Correct me if I'm wrong, but I'm not sure if the definition of "spit" is appropriate for MN & WI Points, since the way I read it, it seems to imply only coastal residue involving longshore drift causes spits. Our points are formed from two phenomena: The St. Louis and Nemadji (or Left Handed) Rivers depositing silt at the head of the lake and the natural clockwise rotation of Lake Superior carrying silt from the South Shore and tucking it into the corner of the lake; they meet at one spot, and the silt builds on either side to form the sand bar. (Maybe that is the definition of spit and I read it wrong?) The Superior Outlet, which separates the two, was where the Nemadji emptied, and the opening naturally "relocated" north and south for a long while (MN Point Light was originally very close to the entry and is now 1/4- to 1/2-mile away -- and the building didn't go anywhere). Dredging and harbor improvements in the 1890s included the concrete piers and made it stable. 

Boy, someone should write all this down in a book!

SD-M

about 14 years ago

I always (always as in I've lived here, like, two years) heard that Minnesota Point is the worlds longest NATURAL sandbar, which made me speculate that there must be a longer man made sandbar somewhere.  If I had to take a guess it's part of that giant palm tree shaped land mass creation thing in Dubai.  Clearly I've been mulling this one over far too hard.

Lithis

about 14 years ago

Awesome, Tony. Thanks!

Does anyone know where Park Point ends? Is Sky Harbor Airport in Park Point? I checked some of the city's planning and precinct maps, but they indicated that all of the point was Park Point.

In a less-related vein, I recently noticed that there are a couple of Duluth piers that end in Wisconsin. One is south of Raleigh Street at the end of S. 59th Avenue W. The other is Spirit Lake Marina at the end of Spring Street in Riverside. These can be best seen on the zoning types map. Someone should build a liquor store at the end of S. 59th Avenue W.

Eric

about 14 years ago

SD-M, as Lithis noted earlier, neither Minnesota Point nor the combination of Minnesota and Wisconsin Points are the longest sandbar in the world.  There are dozens if not hundreds of sand bars located in saltwater environments around the world that are much, much longer.
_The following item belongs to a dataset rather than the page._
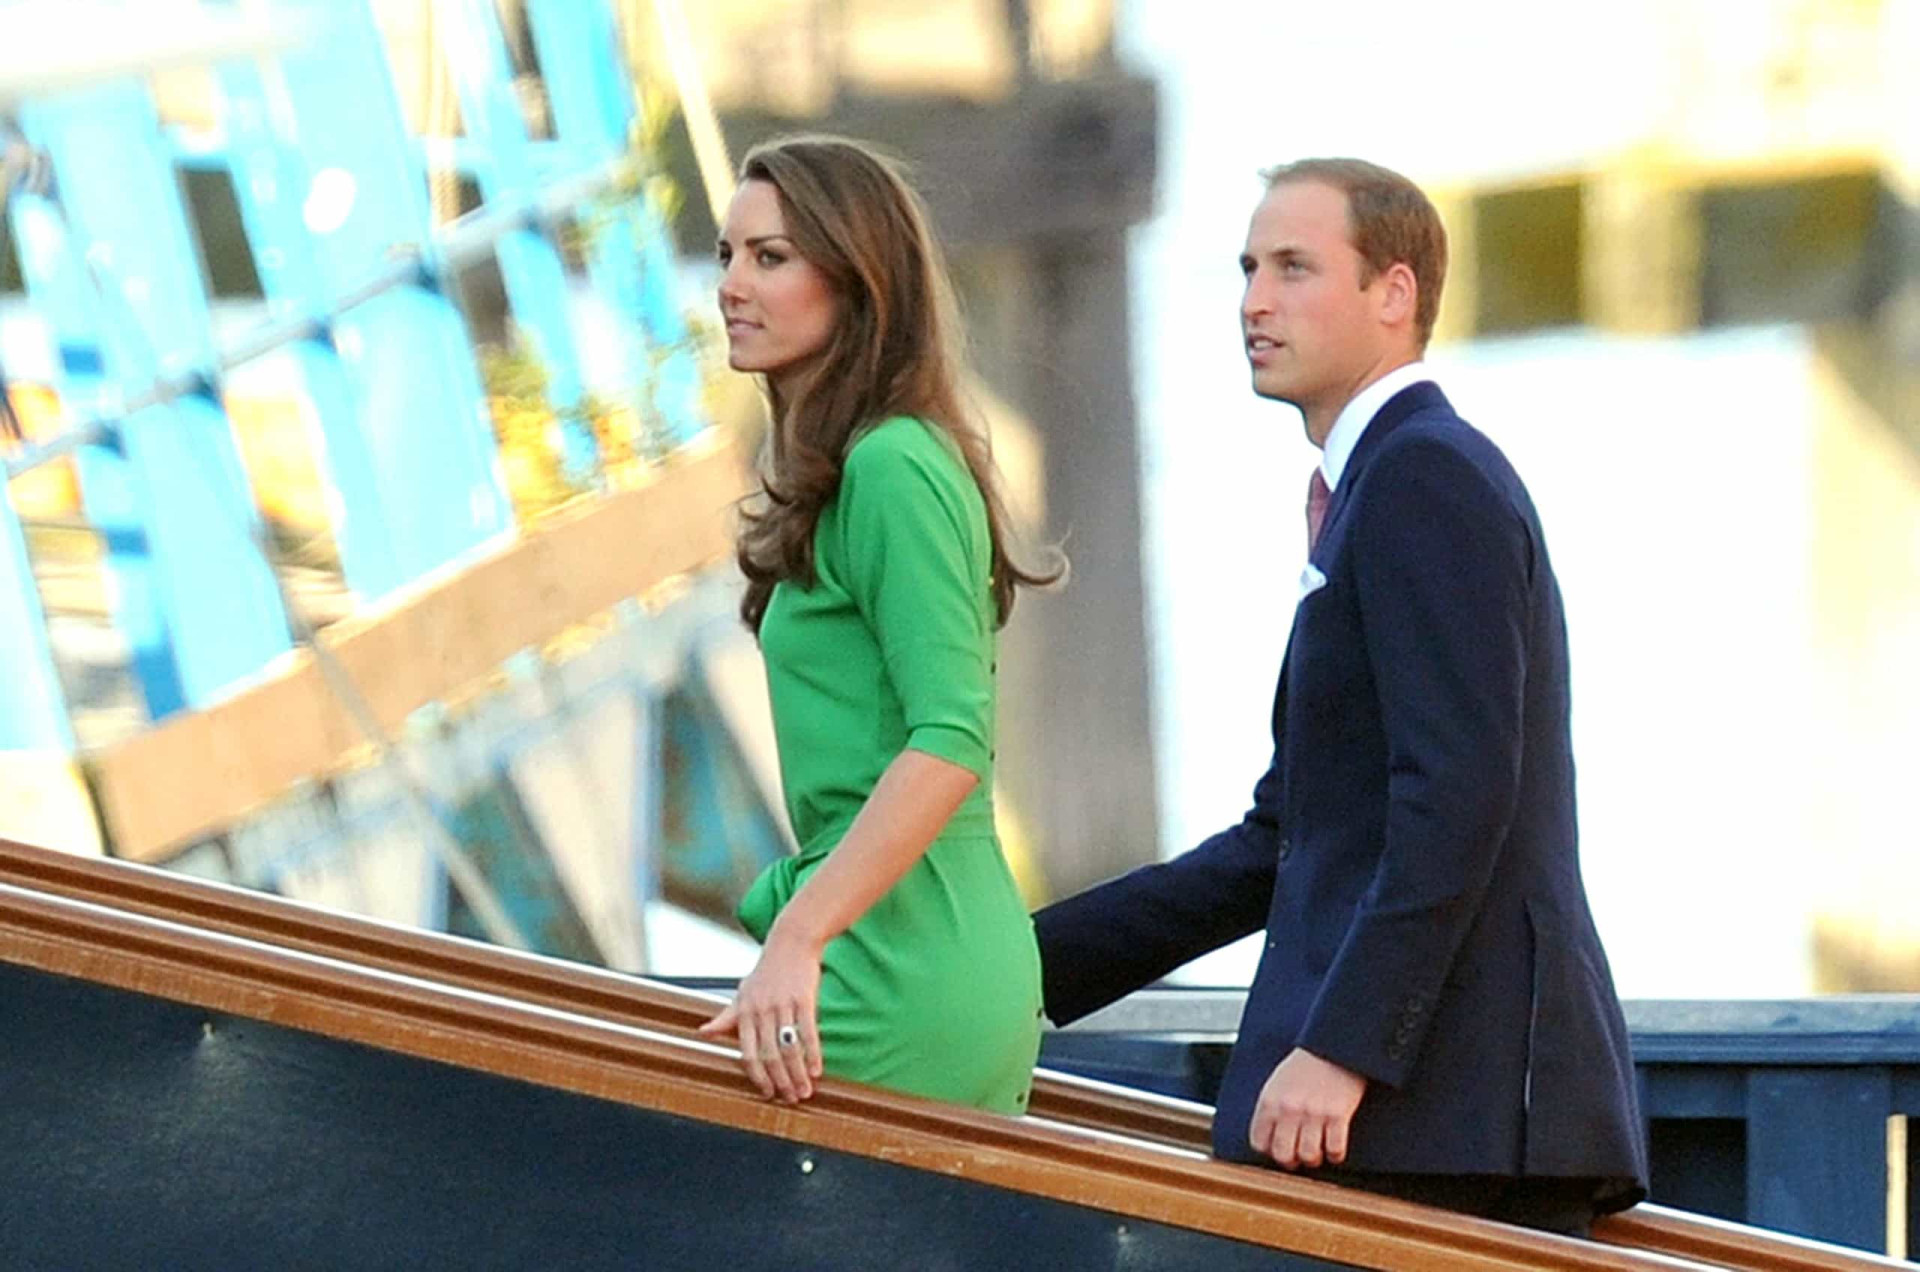 <p><em>Britannia</em> still hosts the occasional royal get-together. Pictured on July 29, 2011 are Kate and William arriving for an evening reception onboard the royal yacht to celebrate the impending wedding of Zara Phillips (the eldest granddaughter of Queen Elizabeth II) and Mike Tindall.</p><p><a href="https://www.msn.com/en-ph/community/channel/vid-7xx8mnucu55yw63we9va2gwr7uihbxwc68fxqp25x6tg4ftibpra?cvid=94631541bc0f4f89bfd59158d696ad7e">Follow us and access great exclusive content every day</a></p>
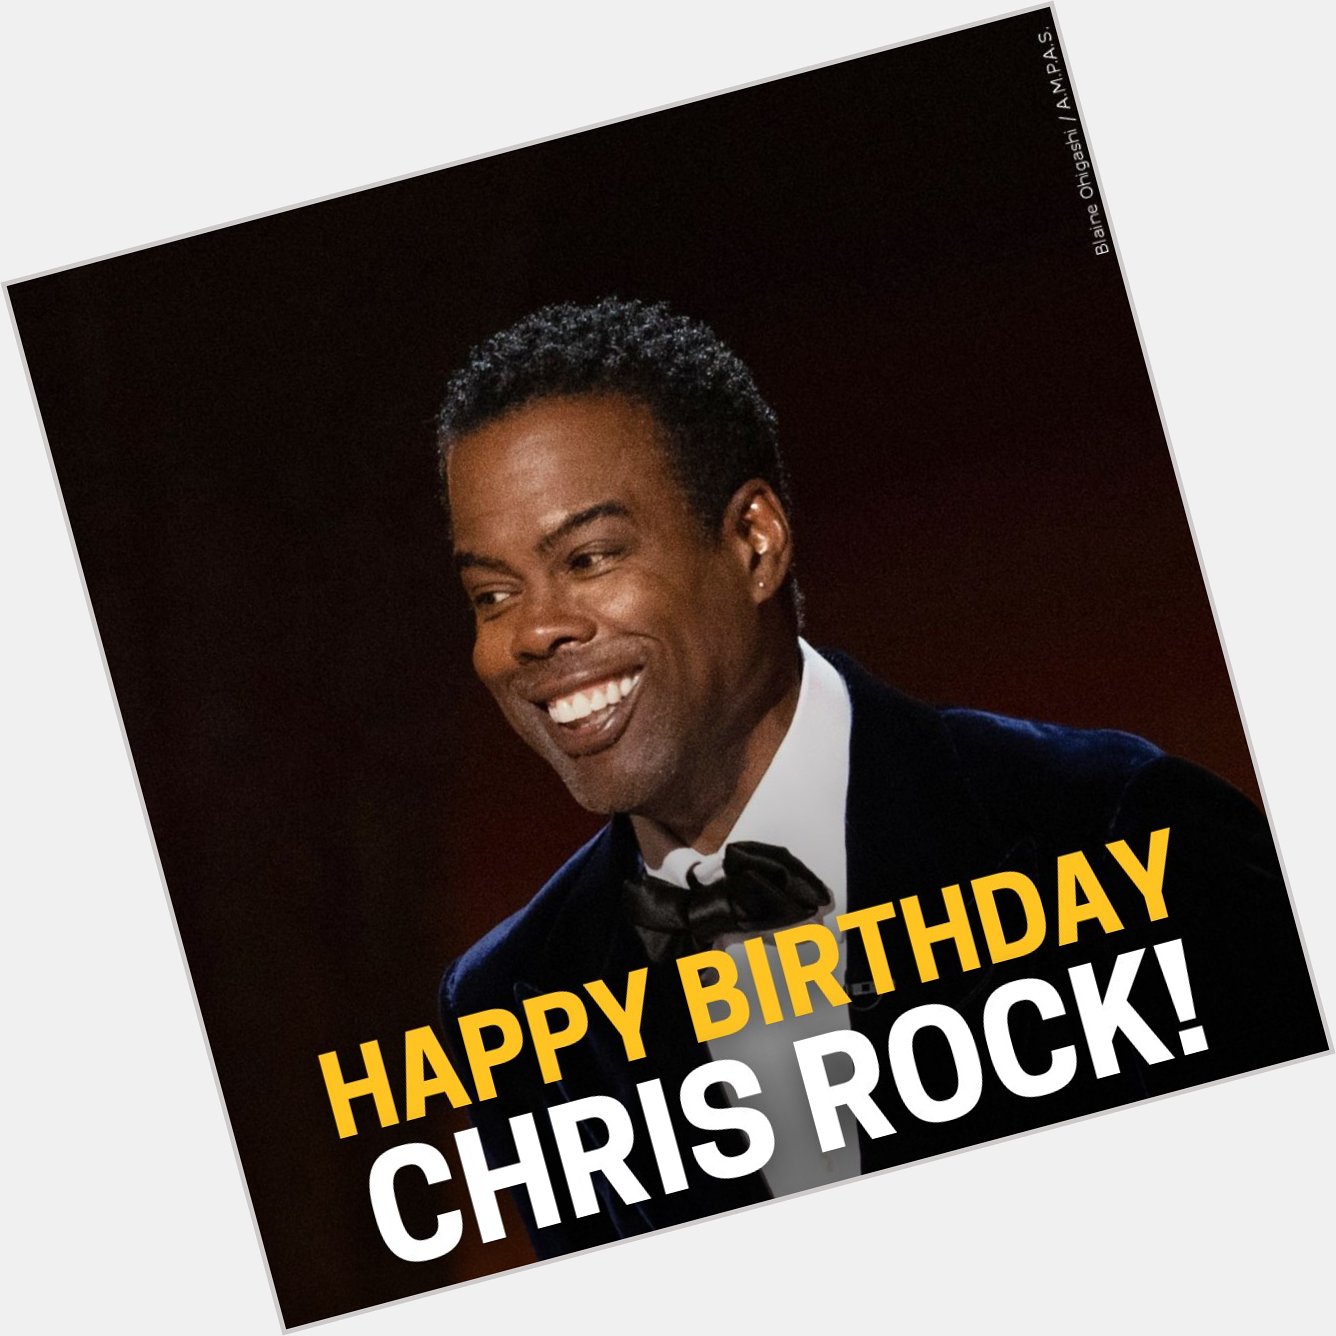 Happy Birthday! What is your favorite Chris Rock movie?

I'm the guy responsible for the Vista tour narration's statement that Minnesota Point is the world's second longest freshwater sand bar / baymouth sand bar / etc.  When I did the research behind that statement almost a decade ago I was studying geography and geology at the Main U and had a lot of knowledge relevant to the topic fresh in my head; much of that has faded today.  I believe I did a decently extensive search and could only find one freshwater bar longer than Minnesota Point.  I vaguely recall that the 'longest' honor went to a freshwater baymouth bar somewhere in Russia or perhaps the former USSR, however a half-hour deployment of google has yielded no good leads so far.

Eric

about 14 years ago

I left out the word 'natural' in the first paragraph in that last post.  As Lithis said, there are many -natural- bars longer than MN Point or the MN-WI Points complex.

W.T.F

about 14 years ago

As mentioned above it is a spit not a sandbar.